Мальчишка-официант еще раз припомнил сегодняшних посетителей, которых сам хозяин, кривой азербайджанец, проводил за считавшийся здесь привилегированным столик в нишке, бывшей, по сути, еще одной маленькой комнаткой. Кстати, в дальней стене нишки была дверь, которая вела на кухню, а из кухни была еще одна дверь – черный ход на улицу, через которую вносили продукты и проходила обслуга…
Так вот, об этих двух посетителях… Особенно необычную внешность имел тот из них, кто был пониже ростом и поуже в плечах… Глядя на него, хотелось сказать странные слова: его внешность была необычна для… человека… Безусловно, субъект он был весьма и весьма запоминавшийся!.. Во-первых, он был невероятно волосат – настолько, что даже трудно было в нем заподозрить «homo sapience», а скорее, какое-то животное!.. Так густо его покрывала шерсть! Так, как будто какого-то снежного человека нарядили в человеческое платье. Нос, губы, форма его головы – все было в нем чрезвычайно оригинальным, запоминавшимся, ярким, причем отличие едва ли возможно было описать словами, – пропорции всего со всем в нем были рознившимися от подобных пропорций у других людей, и очень сразу, глядя на него, представлялось, что человек этот занимается каким-то преступным промыслом, причем не тихим и бескровным воровством, а некими бесшабашными разбоями, с шумной стрельбой, трупами и безумными, дикими попойками после удачно проведенного дела, с курением гашиша и ездой по улицам на скоростном автомобиле в обкуренном состоянии, с бегством от милиции, с погонями, изобиловавшими крутыми поворотами, с поножовщиной и ранней гибелью в каком-нибудь воровском притоне во время драки с такими же, как и он сам, преступниками, с ужинами в таких вот шашлычных, наконец…
Так что этот человек как-то очень подходил ко всем антуражам, ко всему настроению, к облику этой шашлычной, даже внешне, всеми деталями своего интерьера, грубыми, темными, больше похожей на притон воров и грабителей, чем на приличное место…
Второй человек был более «приличен», чем первый, хотя и все руки его были в наколках, – он был широк в плечах и у него был очень пристальный, внимательный и тяжелый взгляд.
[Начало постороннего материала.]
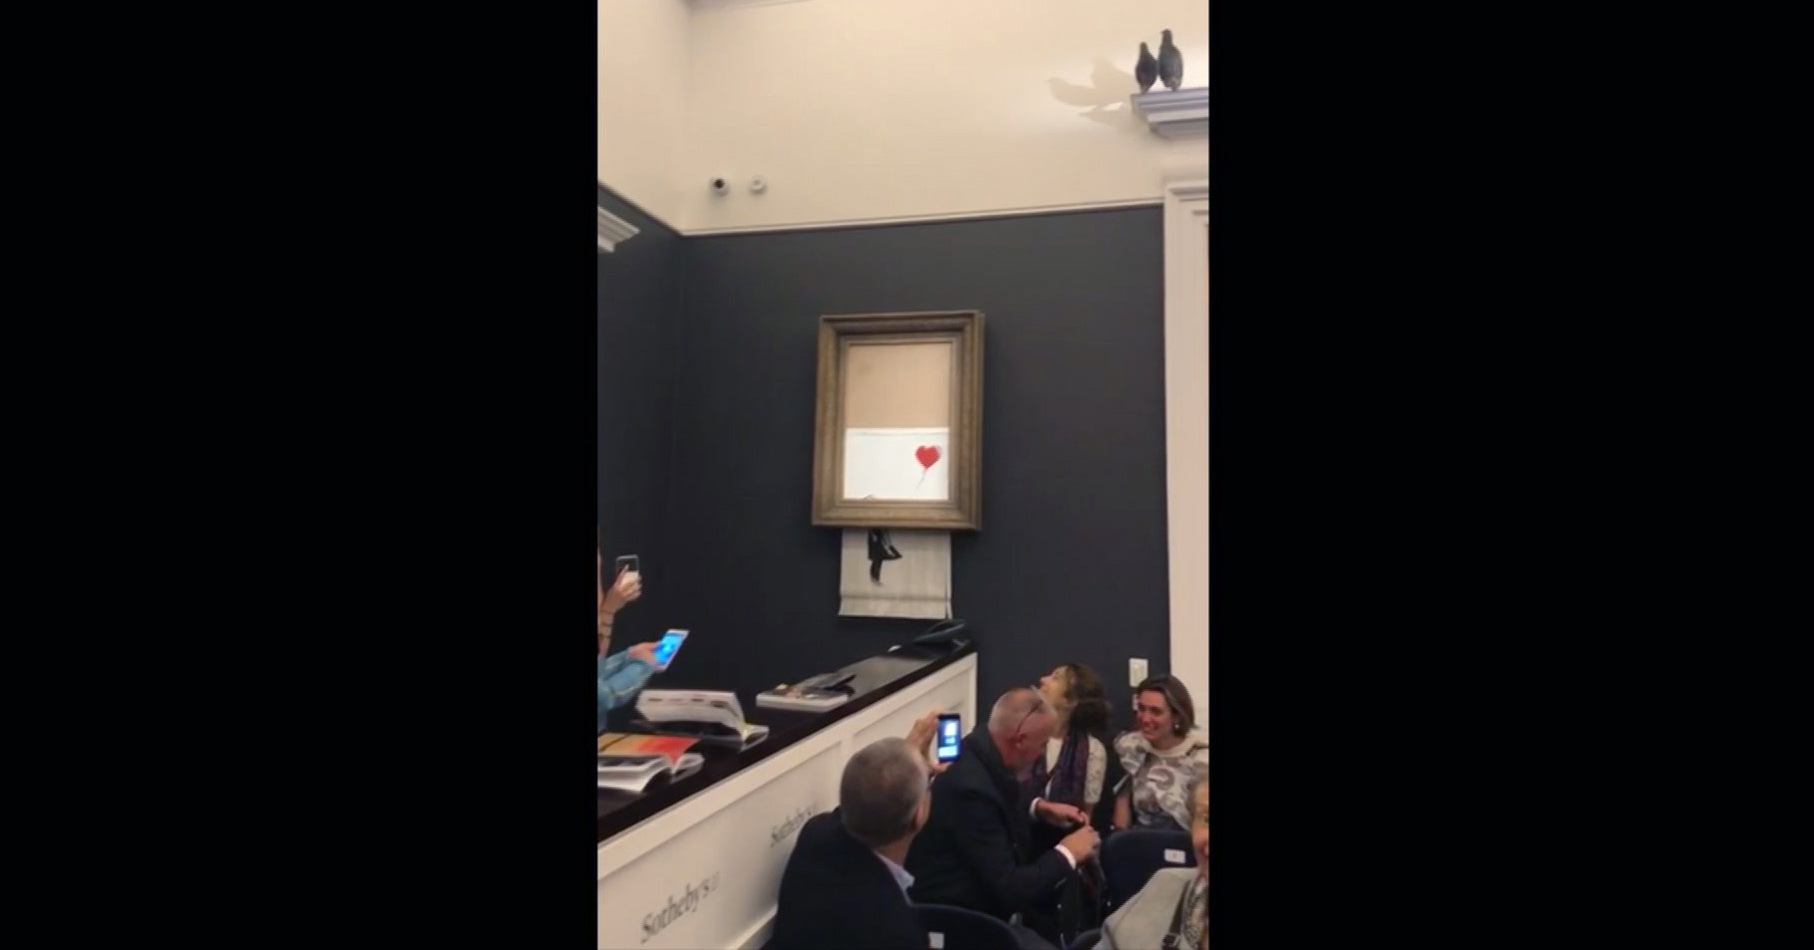 Végül tényleg kifizette az 1 millió fontot a ledarált Banksy-képért a szerencsés gyűjtő

У него была массивная голова с крупными чертами лица, а через всю щеку проходил наискосок выразительный шрам. Волосы его были стрижены коротко, почти налысо, а руки унизаны несколькими перстнями с большими драгоценными камнями. Он был чисто и, как бы это вернее сказать, немного странно для своей внешности одет – со вкусом и очень изящно, так одеваются люди театра, кино, которым по долгу своей профессии приходится часто появляться в изысканном обществе и которые просто не могут позволить себе выглядеть дурно, пошло… Еще во взгляде его сквозил явно глубокий ум, так что если и предполагалось как-то сразу, что это преступник, то тут же и думалось, что преступник это необыкновенный, можно даже сказать интеллигентный и тонкий, насколько таковым можно остаться при эдаком-то роде занятий, что это не просто преступник, а идеолог преступного мира, его мозг… Это и был Жора-Людоед собственной персоной, еще недавно «парившийся» в камере тюрьмы «Матросская тишина», до которой здесь было, может быть, минут тридцать-сорок пешей ходьбы и минут десять, если ехать на хорошем автомобиле… Человека-зверя, который был с ним, звали очень странно – Жак. Но не потому, что он имел какое-то родство во Франции, а просто это было прозвище его, образованное от фамилии…
Чувствовалось, что оба посетителя шашлычной чрезвычайно голодны, настолько, что даже первое время, что они были здесь, они не беседовали вовсе, а только накинулись на еду и насыщались мясным ассорти, салатами и супом жадно, как два изголодавшихся волка…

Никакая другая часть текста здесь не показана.